Reputation: 5704
I expect the regex pattern ab{,2}c
to match only with a
followed by 0, 1 or 2 b
s, followed by c
.
It works that way in lots of languages, for instance Python. However, in R:
grepl("ab{,2}c", c("ac", "abc", "abbc", "abbbc", "abbbbc"))
# [1] TRUE TRUE TRUE TRUE FALSE
I'm surprised by the 4th TRUE
. In ?regex
, I can read:
{n,m}
The preceding item is matched at leastn
times, but not more thanm
times.
So I agree that {,2}
should be written {0,2}
to be a valid pattern (unlike in Python, where the docs state explicitly that omitting n
specifies a lower bound of zero).
But then using {,2}
should throw an error instead of returning misleading matches! Am I missing something or should this be reported as a bug?
Upvotes: 12
Views: 481
Reputation: 11480
Just as an addition:
vec1 = c('','a', 'aa', 'aaa', 'aaaa', 'aaaaa', 'aaaaaa','aaaaaaa')

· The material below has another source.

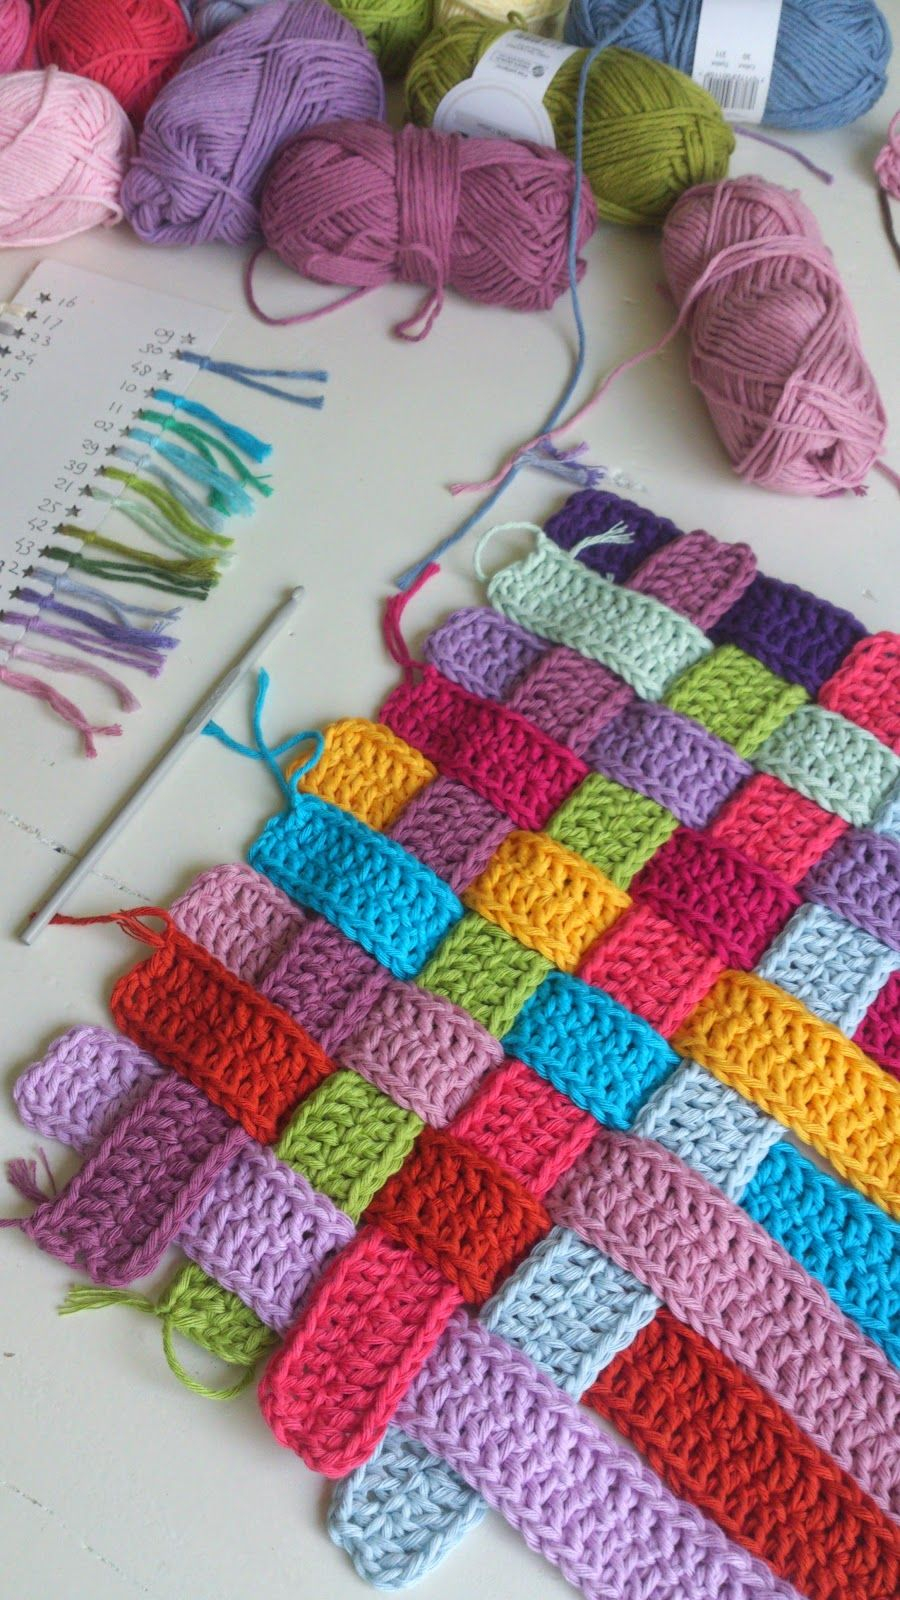 Unusual Crochet Patterns Basket Weave Crochet Strips Bench Cover Photo Tutorial Crazy

grep("^a{,1}$", vec1, value = T) # seems to "become" ^a{1}$
grep("^a{,2}$", vec1, value = T) # seems to "become" ^a{0,3}$
grep("^a{,3}$", vec1, value = T) # seems to "become" ^a{0,4}$
grep("^a{,4}$", vec1, value = T) # seems to "become" ^a{0,5}$
Upvotes: 3
Reputation: 327
I am writing this as an answer, because unfortunately I cant add a comment.
Update: Following the answer by Wiktor Stribiżew and feedback, seems the behavior is categories as a bug.
Original: The syntax you are using is just not supported in R (assuming the default engine). This is why you are getting unexpected results.
In case you would like to explore differences in syntax, I would recommend taking a look at the regular-expressions.info comparison page. (You need to compare Python and R in terms of Quantifiers in this case.)
Upvotes: 0
Reputation: 626758
The behavior with {,2}
is not expected, it is a bug. If you have a look at the TRE source code, tre_parse_bound
method, you will see that the min
variable value is set to -1
before the engine tries to initialize the minimum bound. It seems that the number of "repeats" in case the minimum value is missing in the quantifier is the number of maximum value + 1
(as if the repeat number equals max - min = max - (-1) = max+1
).
So, a{,}
matches one occurrence of a
. Same as a{, }
or a{ , }
. See R demo, only abc
is matched with ab{,}c
:
grepl("ab{,}c", c("ac", "abc", "abbc", "abbbc", "abbbbc"))
grepl("ab{, }c", c("ac", "abc", "abbc", "abbbc", "abbbbc"))
grepl("ab{ , }c", c("ac", "abc", "abbc", "abbbc", "abbbbc"))
## => [1] FALSE TRUE FALSE FALSE FALSE
Upvotes: 10